18 .Do the guides speak English?

Yes. Generally most guides speak excellent English.

19 .How does my trip support the local communities? Can I bring supplies/things for the people we meet?

The majority of the camps that we use will support local communities in some way. We try to ensure that at some point on your trip that you have the opportunity to visit a village or local community. These are authentic and uncontrived experiences where you have the opportunity to connect with real people. Generally there is much that is required in these areas, and we can advise on this before departure. However it is also important to note that it is generally best if the supplies are given to the camp which is associated with the village rather than to the first villager that you see, because then they can be distributed equitably.

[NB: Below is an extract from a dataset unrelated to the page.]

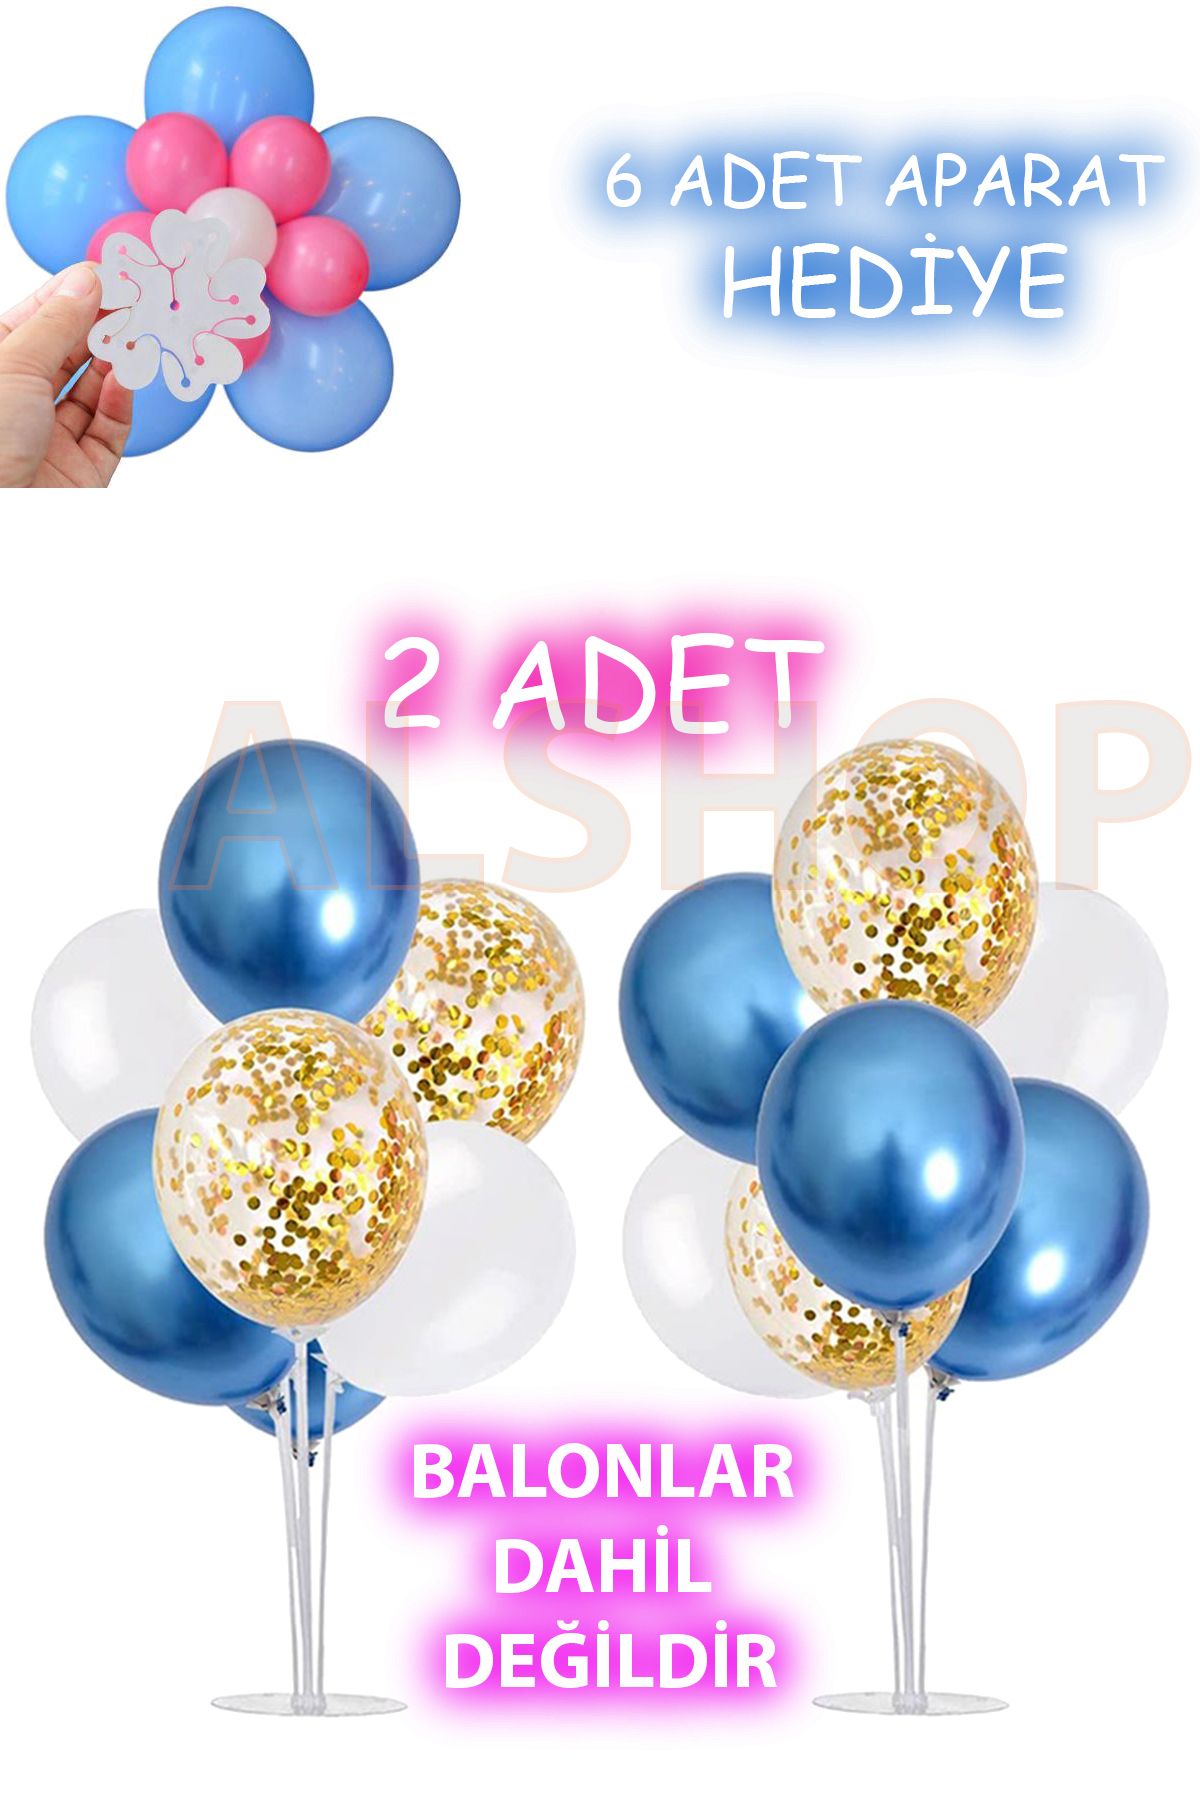 Alshop 2 Adet Balon Süsleme Standı 6 Adet Aparat Hediyeli 7li Çubuklu Ayaklı Stand

20 .What happens if we have a medical emergency in the middle of the wilderness?

The chance of something happening to you or one of your family is very small, however it is a requirement of travel that you have travel insurance. All of the camps and safari operators we use will have a strategy in place to handle medical emergencies, even if they happen at night. They will also have 24 hour medical support that they can call on regardless of how remote and wild the environment.